Starting a business with one or more partners is a lot like the beginning of any relationship, all parties’ hopes are high and all either one can see is a long-lasting, picturesque bond. During the honeymoon phase the relationship flourishes and both parties are cooperative and largely unselfish. Both parties work to achieve a common goal and are more likely to listen, compromise, and forgive. As time goes on, some relationships continue down this road of bliss and development… but what happens to those relationships that become unstable and/or unworkable? What happens when one person wants to call it quits? How does one make a clean exit?
In many instances, no one considers the ending of the relationship when everything is fresh and new. Many companies fail to put the proper documents in place to control the internal business relationships. Unlike a personal relationship, exiting a business and/or dissolving that business can be extremely complex, stressful, and costly – especially if you do not have the proper legal documents in place.
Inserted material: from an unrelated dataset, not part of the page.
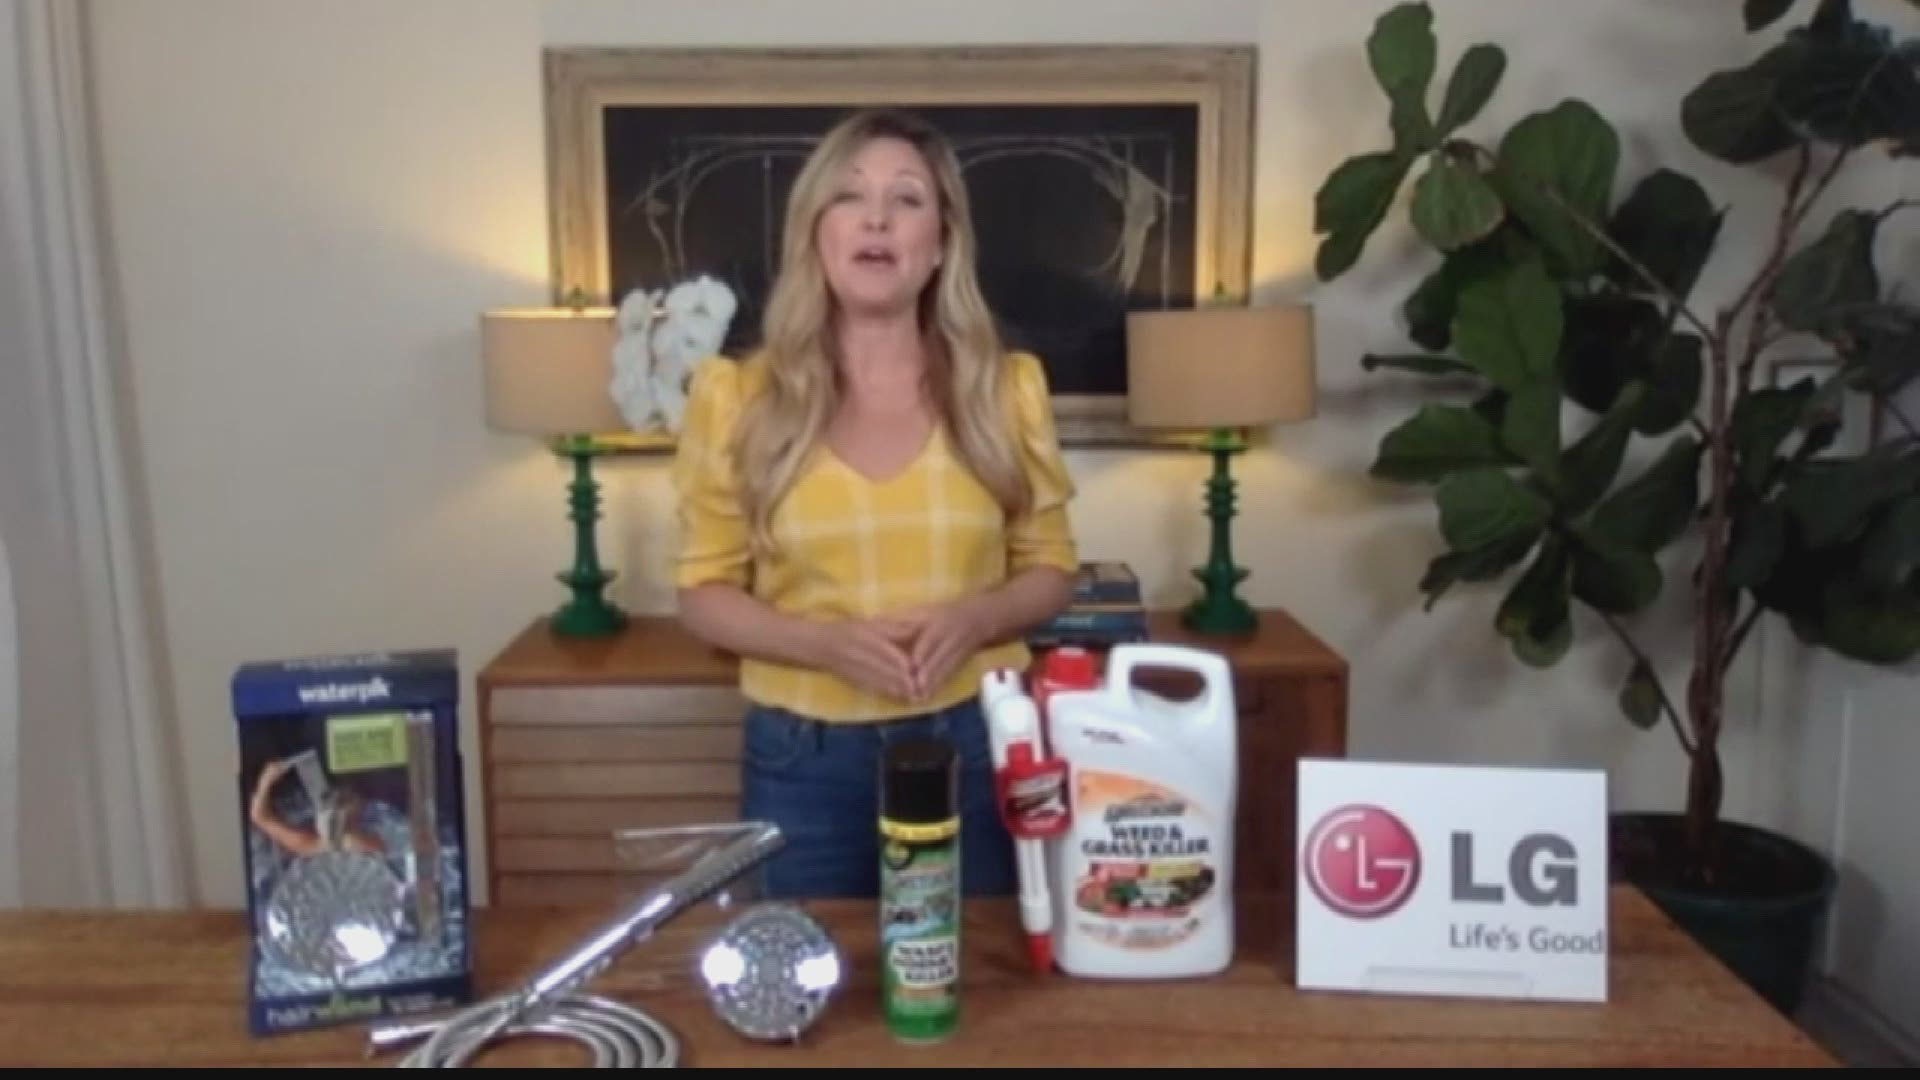 Lifestyle and design expert Kelly Edwards offers seasonal DIY household updates!

As an attorney, I have seen many cases where distrust, disdain, divorce, or a general difference in vision has led to one or more partners wanting to exit the company. I have also seen instances in which the parties could not agree to disagree, so they agreed to fully dissolve their business. The only problem was, there was no clear legal documentation as to how that process was to be handled. Consequently, they were either left with a former business partner maintaining a large holding in the company, giving a larger-than-expected payout to buy back their former partner(s) shares of the company, or incurring hefty legal/litigation expenses trying to figure out how to divvy up the business assets.
So how does an entrepreneur properly strategize for success as well as secession? Start with these two words: Operating Agreements (for LLC’s), Shareholder/Buy-Sell Agreement (for Corporations). For purposes of this article we will generally call them partnership agreements.
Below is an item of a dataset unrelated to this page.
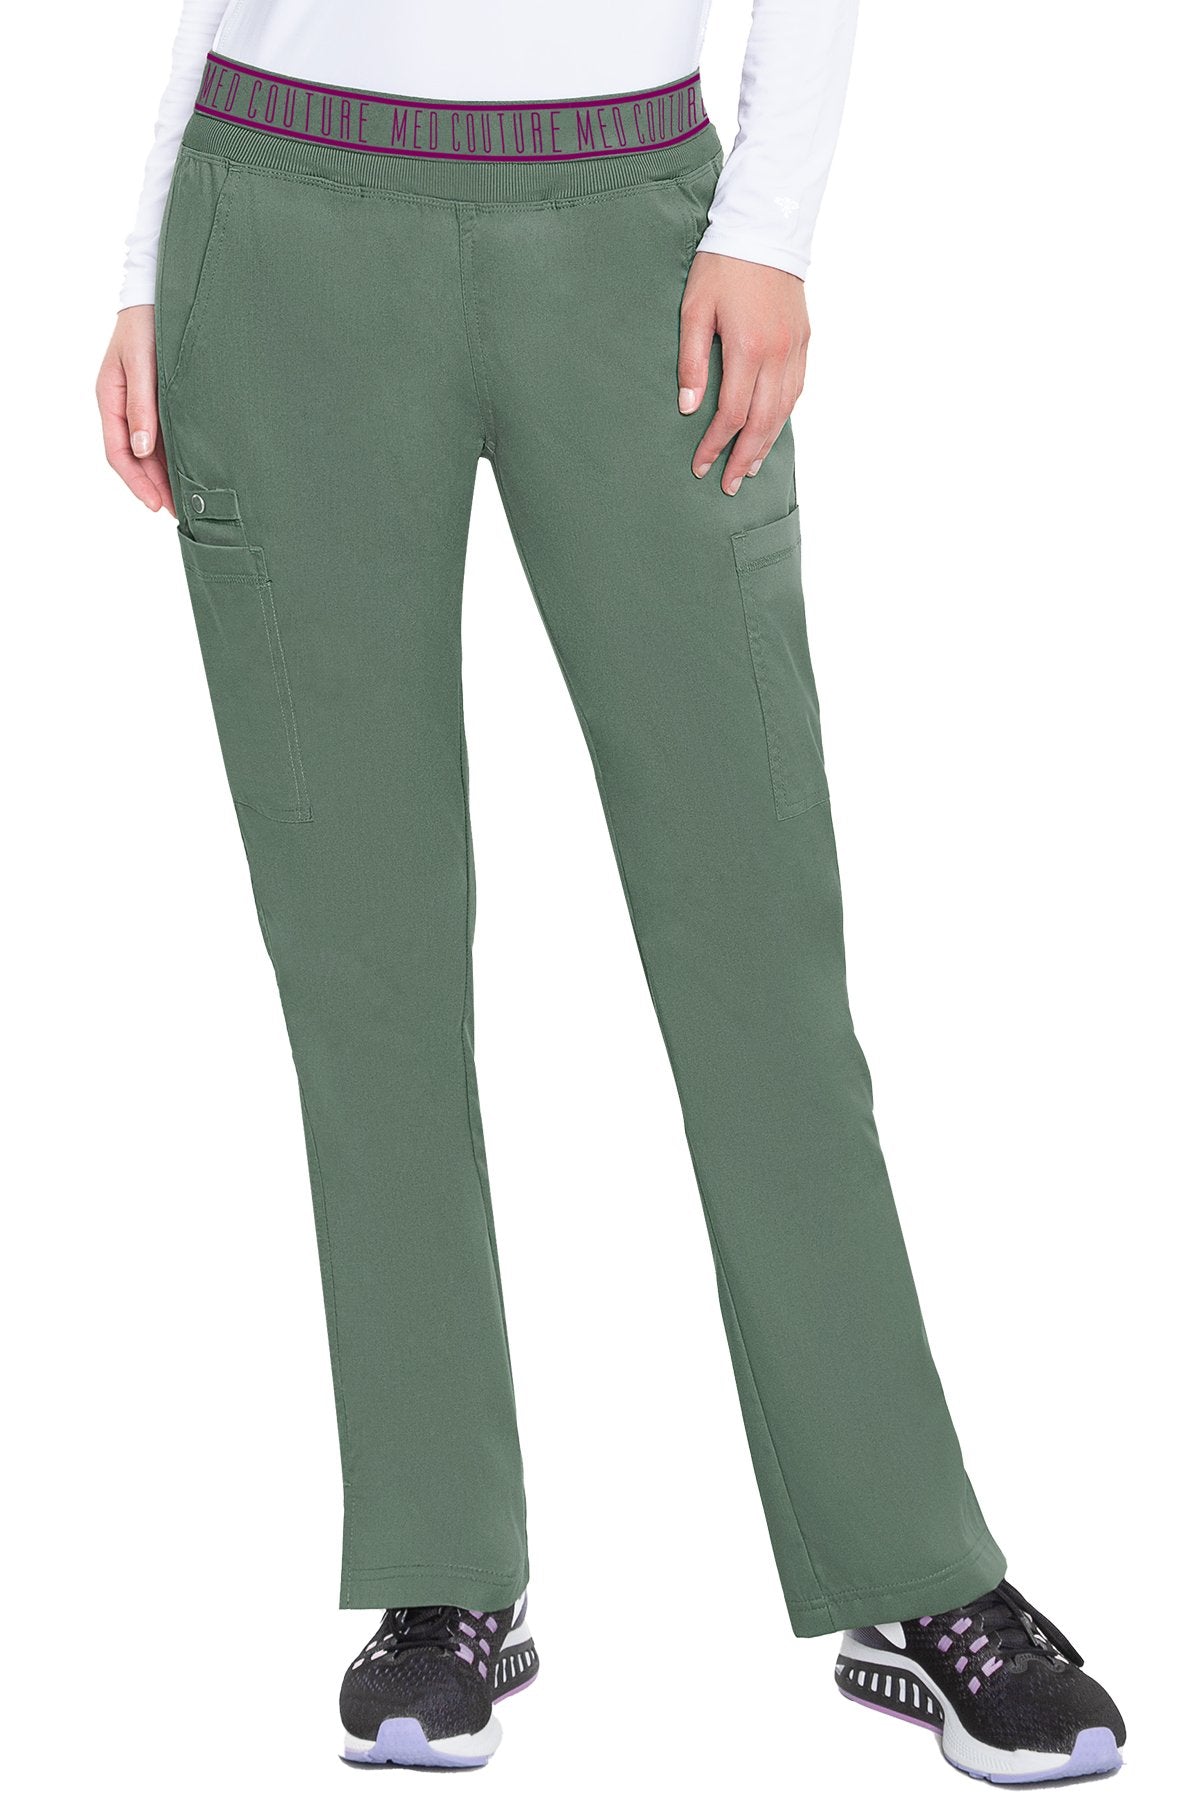 Yoga 2 Cargo Pocket Pant by Med Couture (Tall) XS-5XL/ Olive

A partnership agreement is both a contract between the business and the owners, and an agreement between each of the owners of the company. It lays out the rights and obligations each owner has to the company and to each other. More importantly, it specifies who owns what percentage of the company and, when properly drafted, what happens when an owner exits the company, gets married, or wants to assign his/her rights in the shares to a third party.
For instance, let’s say that you have a limited liability company and you put in $800 and your partner puts in $200. You two plan on splitting the company (and it’s profits/losses) 80/20 with 80% going to you, but you never activate a shareholder agreement. Now let’s say that your company grows to be worth $1 million and your partner, who was expected to only own 20%, exits the company or dies while married. In both instances there is no signed agreement stating what happens next, so state law controls. In Illinois and many other states, the exiting partner or, in the latter example, the wife of the deceased partner could lay claim to 50% of the business… and they could win!
This is a basic example but the stakes are continuously raised as your company grows and thrives. With a properly drafted partnership agreement, the company and all owners, especially the non-exiting owners, are more protected from adverse situations and costly back-end legal fees.
So start smarter and plan for the end by drafting a partnership agreement that is properly tailored to fit your business needs and expectations.